In August, Kristen Choi, a UCLA assistant professor of nursing, thought about how important it would be to participate in the testing of one of the new COVID-19 vaccines. So she stepped out of her usual role of conducting research and volunteered to become a study subject.
Choi describes her experience as a participant in the trial for a vaccine being developed by Pfizer and BioNTech in a perspective published in JAMA Internal Medicine. (The vaccine received emergency use authorization in the U.K. on Dec. 2 and health care workers there began administering it today.)
Although she experienced about a day’s worth of difficult symptoms, Choi said her experience highlights the fact that health care professionals will need to prepare their patients to understand how the vaccine works — and that it is safe, despite the side effects.
“The adverse effects of the vaccine — even if, at worst, they all happen at once — are transient and a normal sign of reactogenicity signaling an effective immune response,” Choi writes. “Clinicians will need to be prepared to discuss with patients why they should trust the vaccine and that its adverse effects could look a lot like COVID-19. They will need to explain that fatigue, headache, chills, muscle pain, and fever are normal, reactogenic immune responses and a sign that the vaccine is working, despite the unfortunate similarities with the disease’s symptoms.”
The vaccine being tested, BNT162b2, requires two injections. Because the study was a randomized trial, Choi notes, she does not know for sure whether she received the vaccine or a placebo — although her reactions would suggest that she was given the vaccine, she writes.
She noticed only minor soreness in her arm after the first injection. After her second injection, a month later, her arm was much more painful and, over the course of the next 24 hours, she experienced a range of symptoms including high fever, dizziness, nausea and a headache. Aside from a bump on her arm where the injection had been, all of the symptoms all went away after a day.
Choi writes that although it may have been unusual for one person to experience all of those symptoms at once, they all had been observed during an earlier phase of the vaccine’s testing.

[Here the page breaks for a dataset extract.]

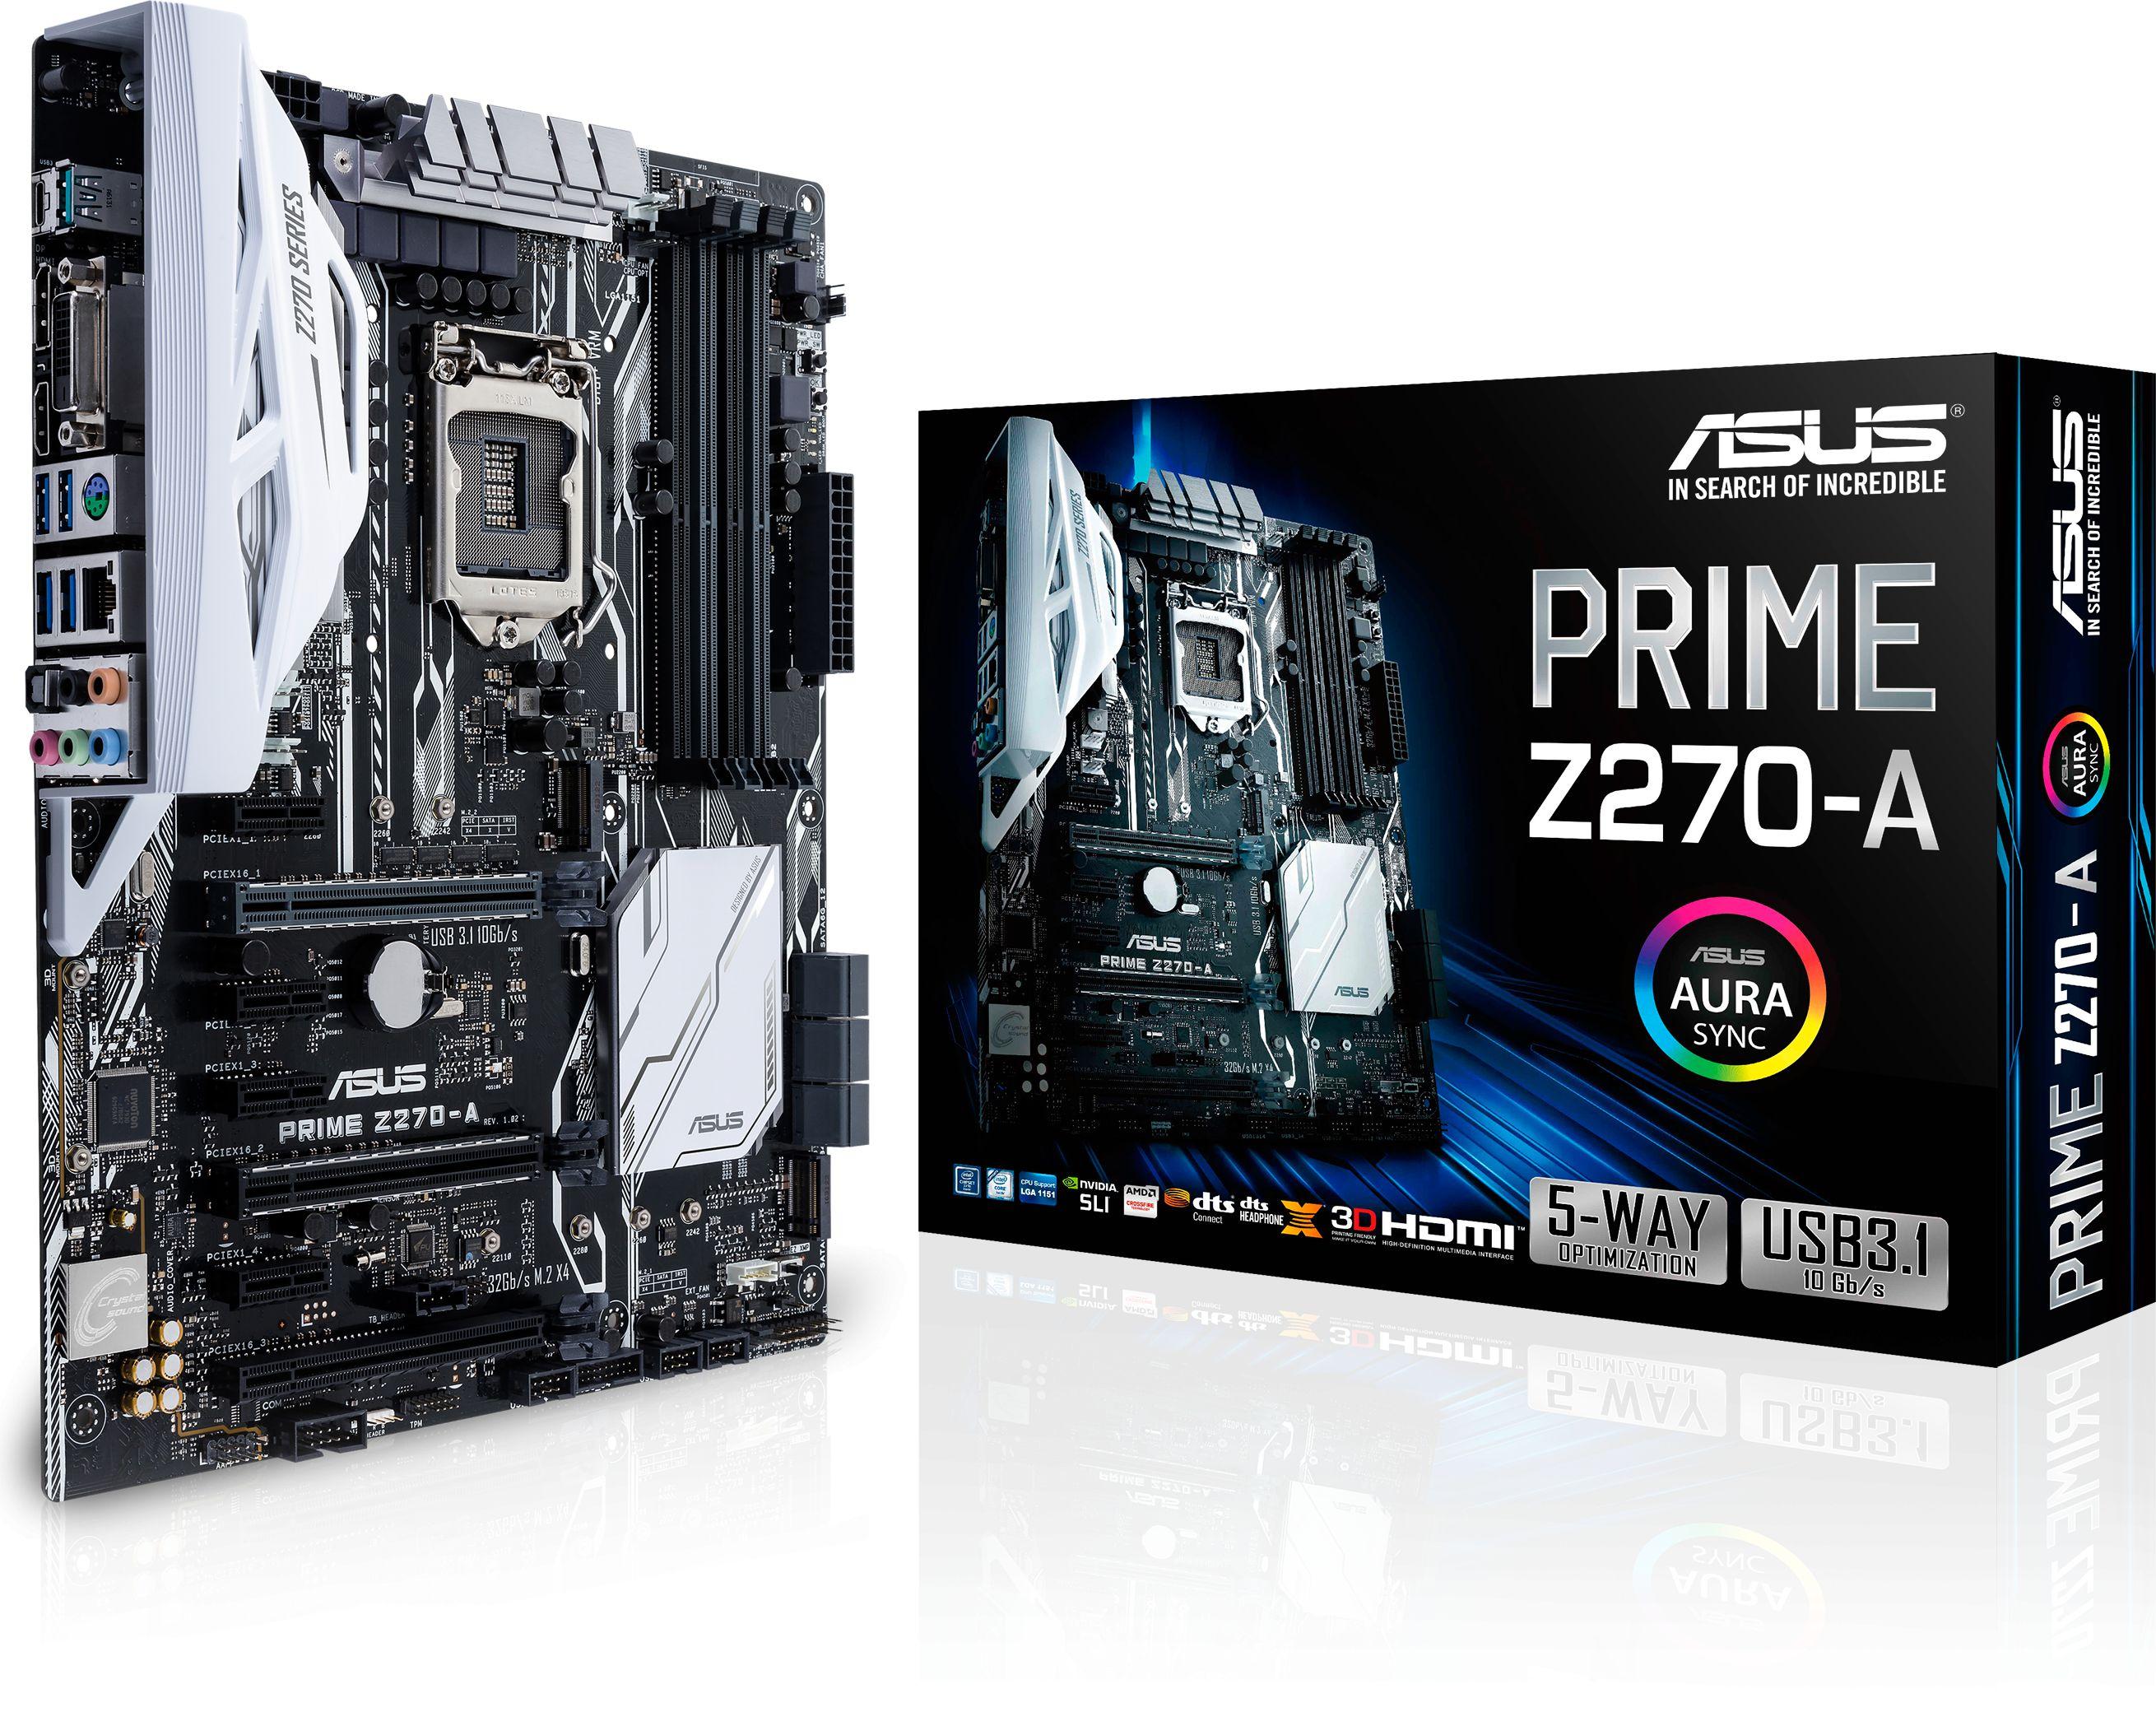 PRIME Z270-A LGA1151 ATX Motherboard

In a phase one trial among adults 18 to 55 years old, 75% reported fatigue, 67% reported headaches, 33% reported chills, 25% reported muscle pain, 17% reported fever and 17% reported joint pain.

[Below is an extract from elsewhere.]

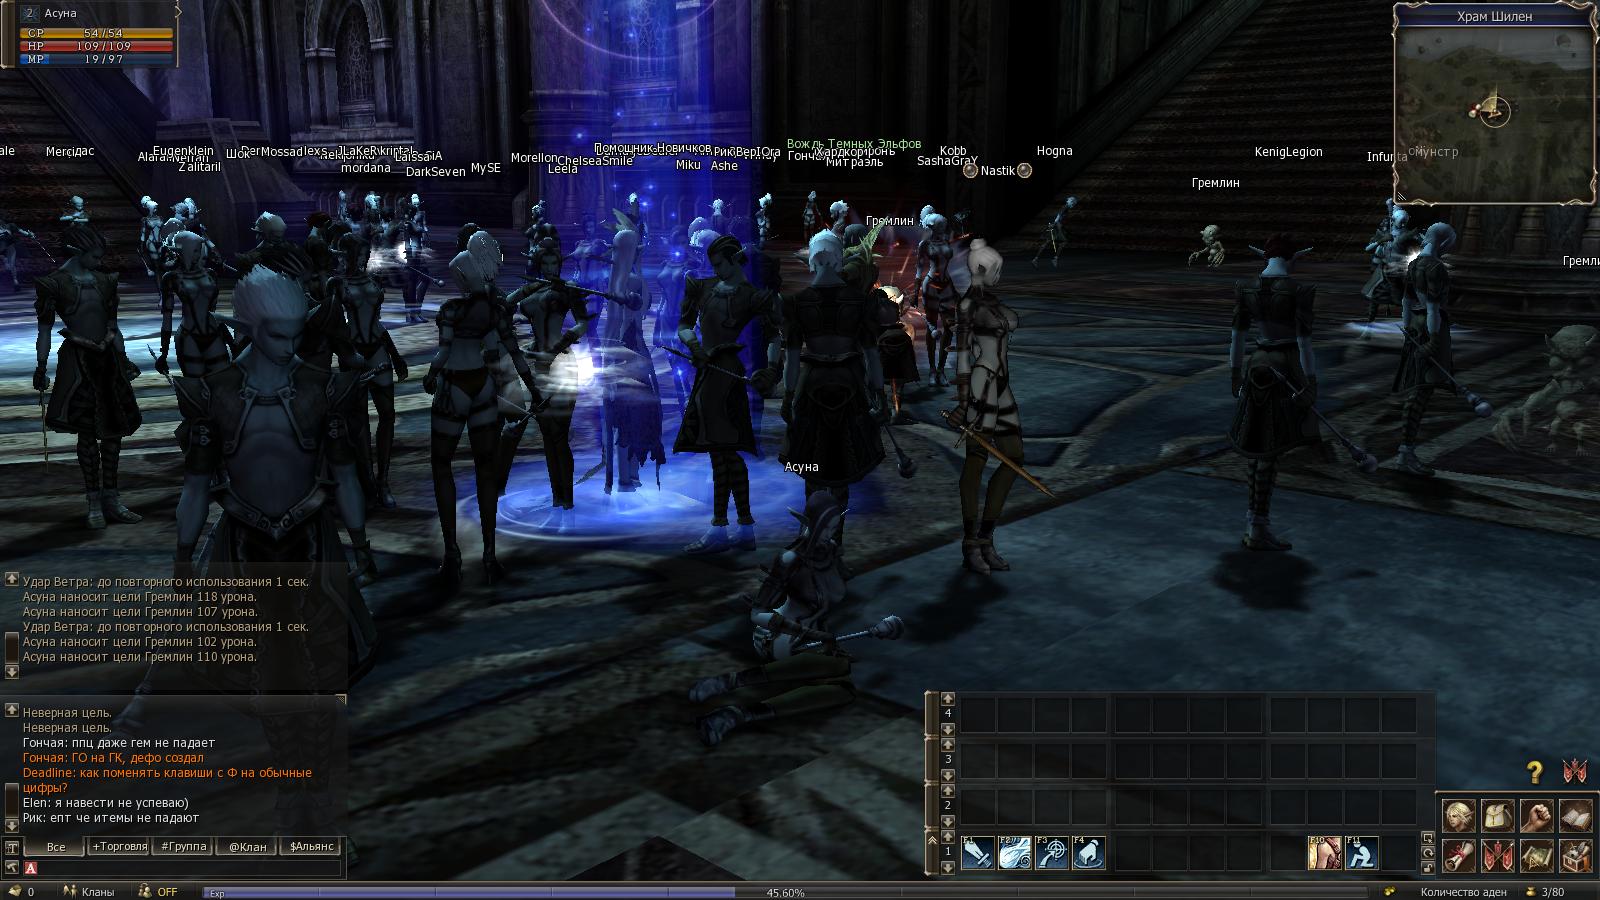 скриншот со старта сервера eva classic в деревне темных эльфов

“I wrote this article to help health care providers in their conversations with patients about the new COVID-19 vaccines,” Choi said. “Explaining that side effects like fever, chills, muscle pain, fatigue and headache are a normal, expected vaccine response, we can build trust with our patients — despite the unfortunate similarities these side effects have with COVID-19.”
Choi, a practicing nurse in child and adolescent psychiatry, worries that even though the side effects of the vaccine are short-term and a sign of an effective immune response, they could become a reason people opt-out of vaccination. In September, a Pew Research Center poll found that just 51% of Americans would be willing to take the drug, down from 72% in May. Among those who said they would not or probably would not take the vaccine, 76% said concern about the side effects was a primary reason.
“It is important for people to feel confident about getting this vaccine” said Linda Sarna, dean of the UCLA School of Nursing. “I’m proud of the courage Dr. Choi has demonstrated in being part of the trial and in sharing her experiences for the sake of public health. It exemplifies the Bruin spirit.”